The Fed assigned her to embed within Goldman Sachs. She worked as an examiner at Goldman for seven months before she was fired. She claims that she was let go for refusing to change certain findings about Goldman's practices; in April a judge
dismissed her wrongful termination lawsuit against the NY Fed and two former supervisors. In a particularly vivid illustration of the coziness the
TAL/
ProPublica report exposes, the judge's husband was
representing Goldman Sachs at the time she dismissed the suit. The case is currently under appeal.
What did Segarra find?
Goldman Sachs CEO Lloyd Blankfein. (Chip Somodevilla/Getty Images)
Segarra found three clear cases where Goldman appeared to be engaged in wrongdoing, but where Fed staff pushed back at her attempts to correct it. The latter two incidents have audio evidence from Segarra's recordings corroborating them.
The wealthy clients incident
A senior Goldman executive, at a meeting with Fed officials early in Segarra's tenure, expressed the view that "once clients were wealthy enough, certain consumer laws didn’t apply to them," in Bernstein's
words; this is corroborated by minutes from the meeting in questions. When Segarra tried to look into the issue further, a Fed colleague protested, saying the executive didn't say that, or if he did, that he didn't mean it.
The Santander incident
In early January, Goldman was closing a deal with the Spanish bank Santander, the point of which, Fed regulators discerned, was to take risky assets off of Santander's hands so as to increase its ratio of capital to assets so as to comply with European regulators. The deal required Goldman to notify the Fed about the deal and get it to sign off, which Goldman hadn't done.
While Fed officials, including Michael Silva, initially sounded outraged, in the end Silva only brought it up once, at the very end of a meeting with Goldman officials, and in a tone that Segarra found overly deferential. She thought the debrief from the meeting with other Fed officials suggested the Fed feared Goldman retaliation if they were too aggressive. This was despite the fact that Goldman was required to hand over information and the Fed could punish it, including criminally, if it failed to comply.

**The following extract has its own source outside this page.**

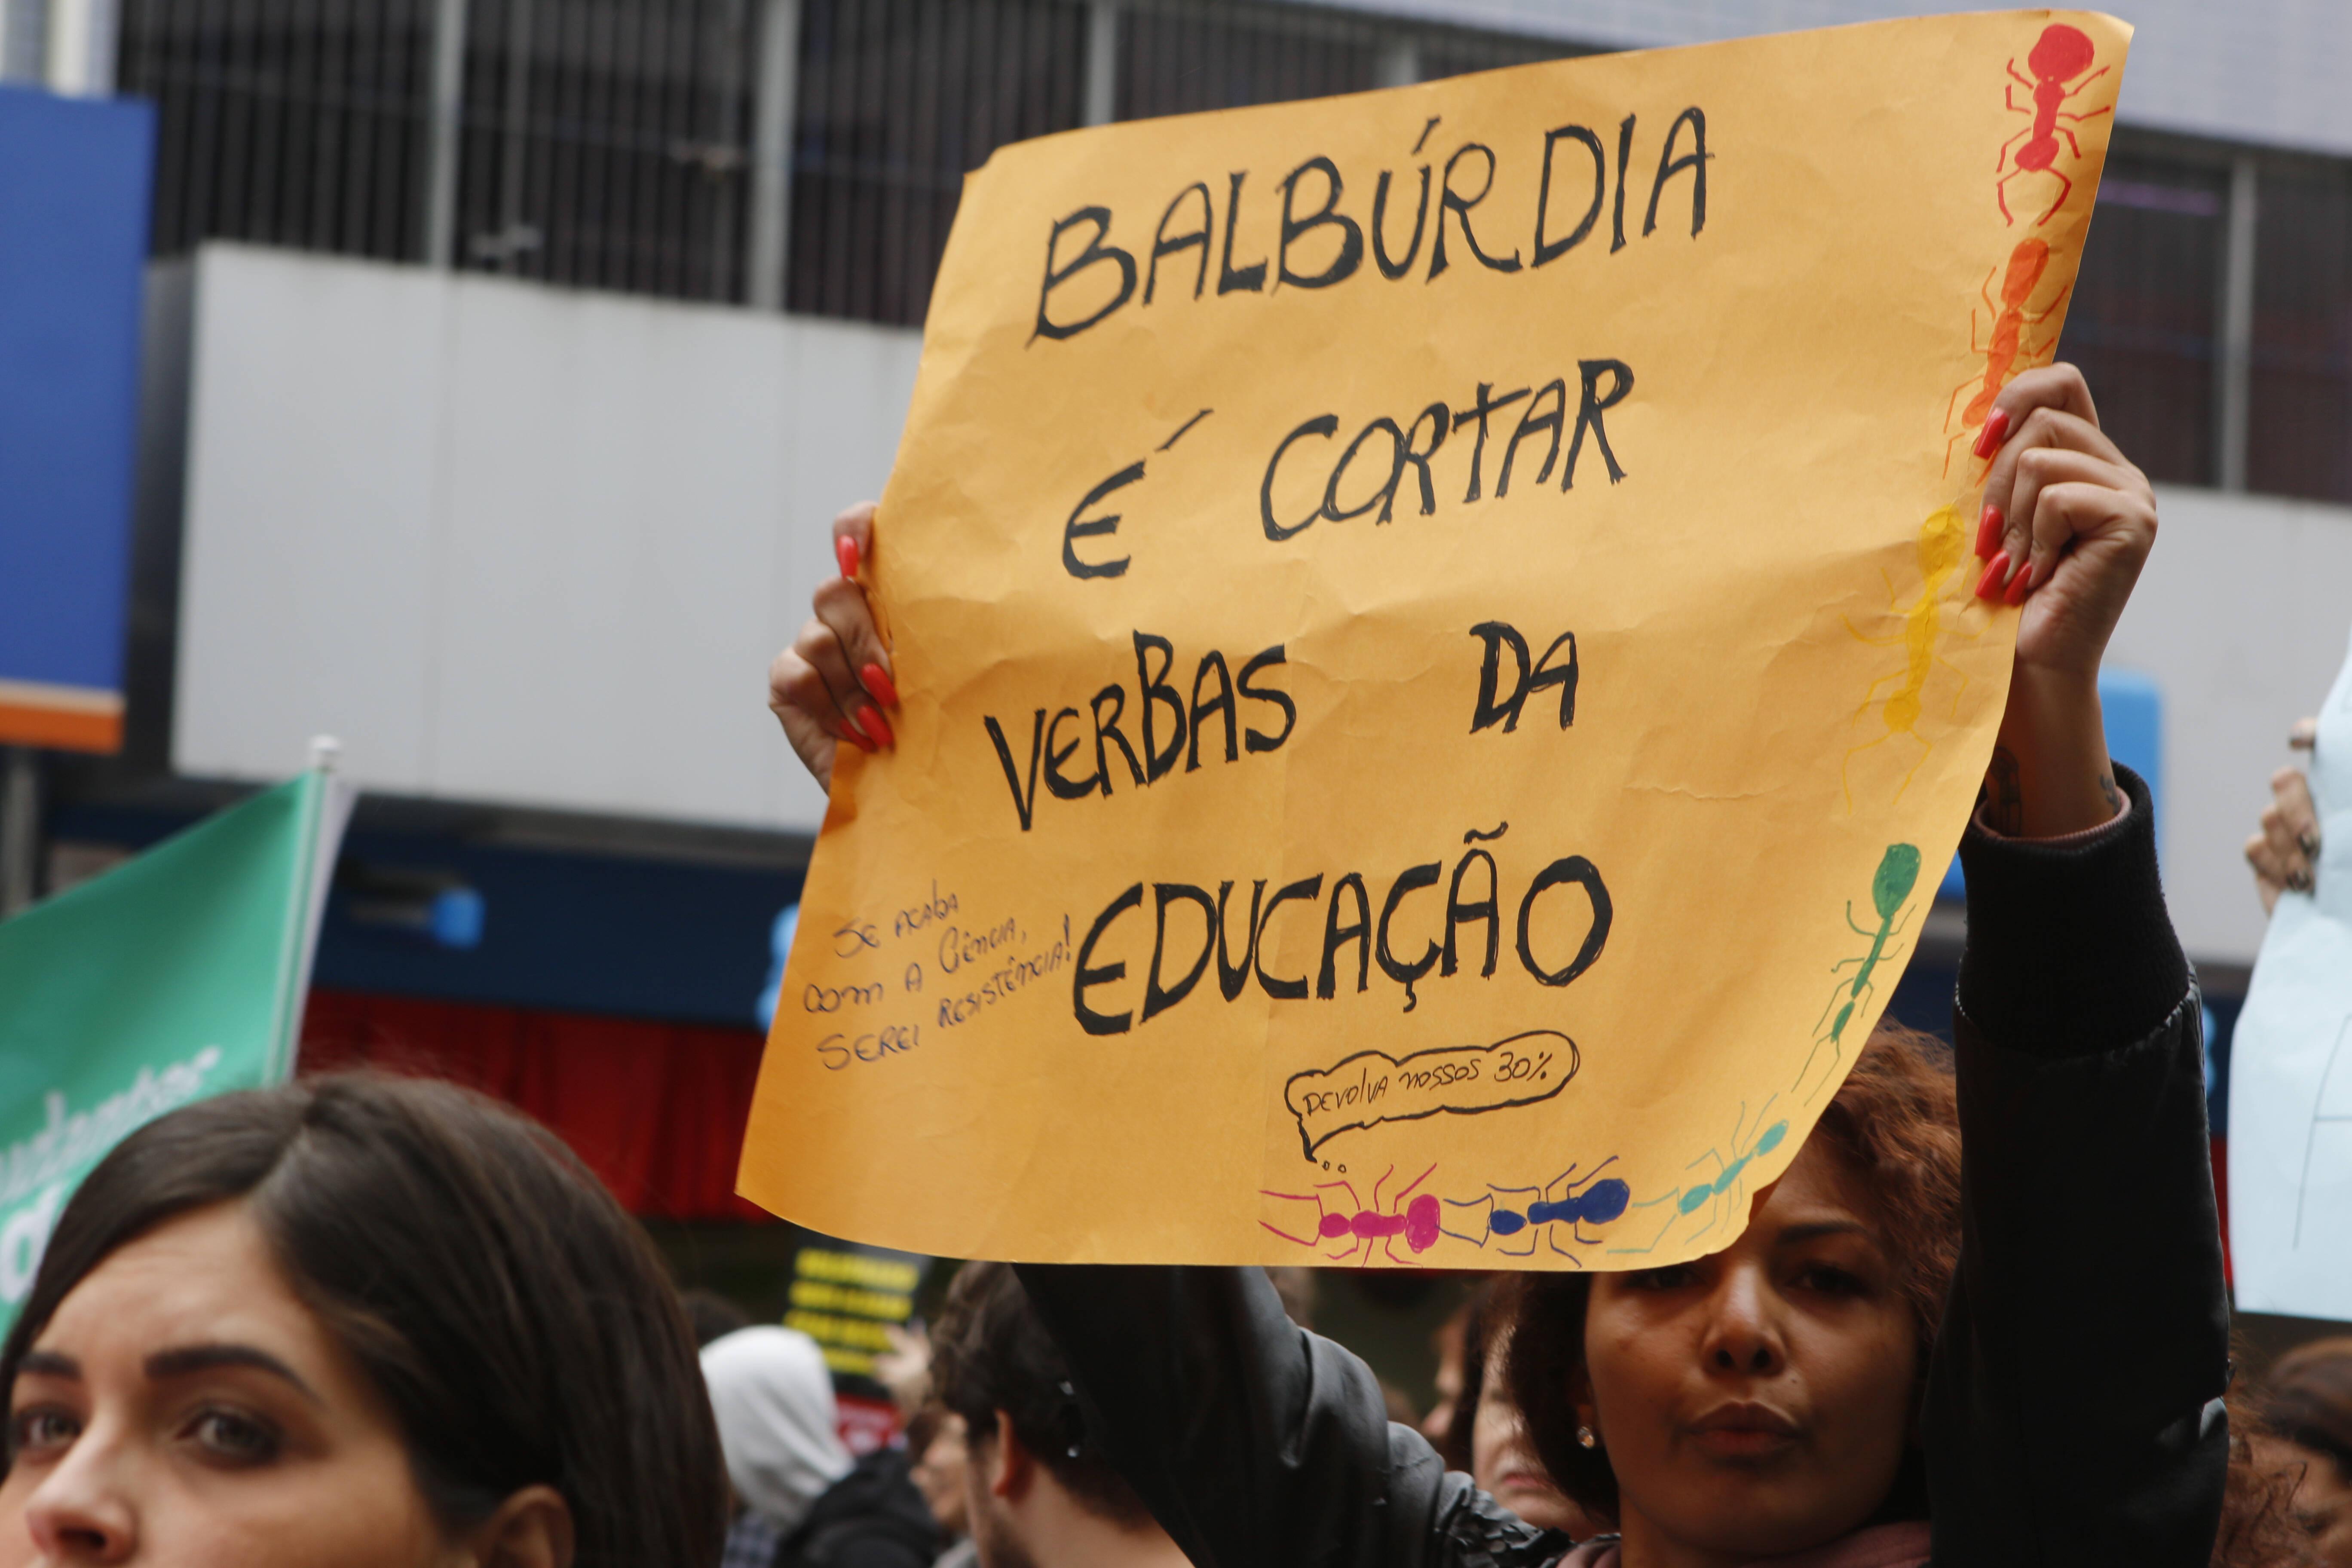 Protesto contra cortes na Educação em Curitiba. Foto: Gisele Pimenta /FramePhoto /Agência O Globo

The most forceful action they considered taking against Goldman for the deal was sending them a letter; Bernstein
couldn't confirm that one was ever sent.
The conflict of interest policy incident
The Fed requires banks like Goldman to have firmwide conflict of interest policies that fit certain requirements. Segarra concluded that Goldman lacked such a policy, not least because Goldman's staffer in charge of managing conflicts of interest told her the firm's policy had no definition of "conflict of interest."
Silva agreed with her. But after he got pushback from another Fed examiner, he changed his view, just as Segarra was about to take regulatory action to force Goldman to adopt a real policy. Silva protested that the bank had a conflict of interest policy, but Bernstein
notes that it was "just a few paragraphs long and very general .… We showed it to two experts: former Fed examiners familiar with the Fed’s guidance on this issue. They both said it wouldn’t qualify as a policy."
Silva urged her to recant her statement that there was no policy, despite the fact that he could have easily overridden her. Segarra suggests this was because, to quote Bernstein, "if she submitted her conclusions, it would create a formal record that her bosses didn’t want." Eventually, Segarra agreed to say there was was a policy, albeit a "very poor policy," but privately insisted to Silva that there was "no way this is a policy." A week later, she was fired.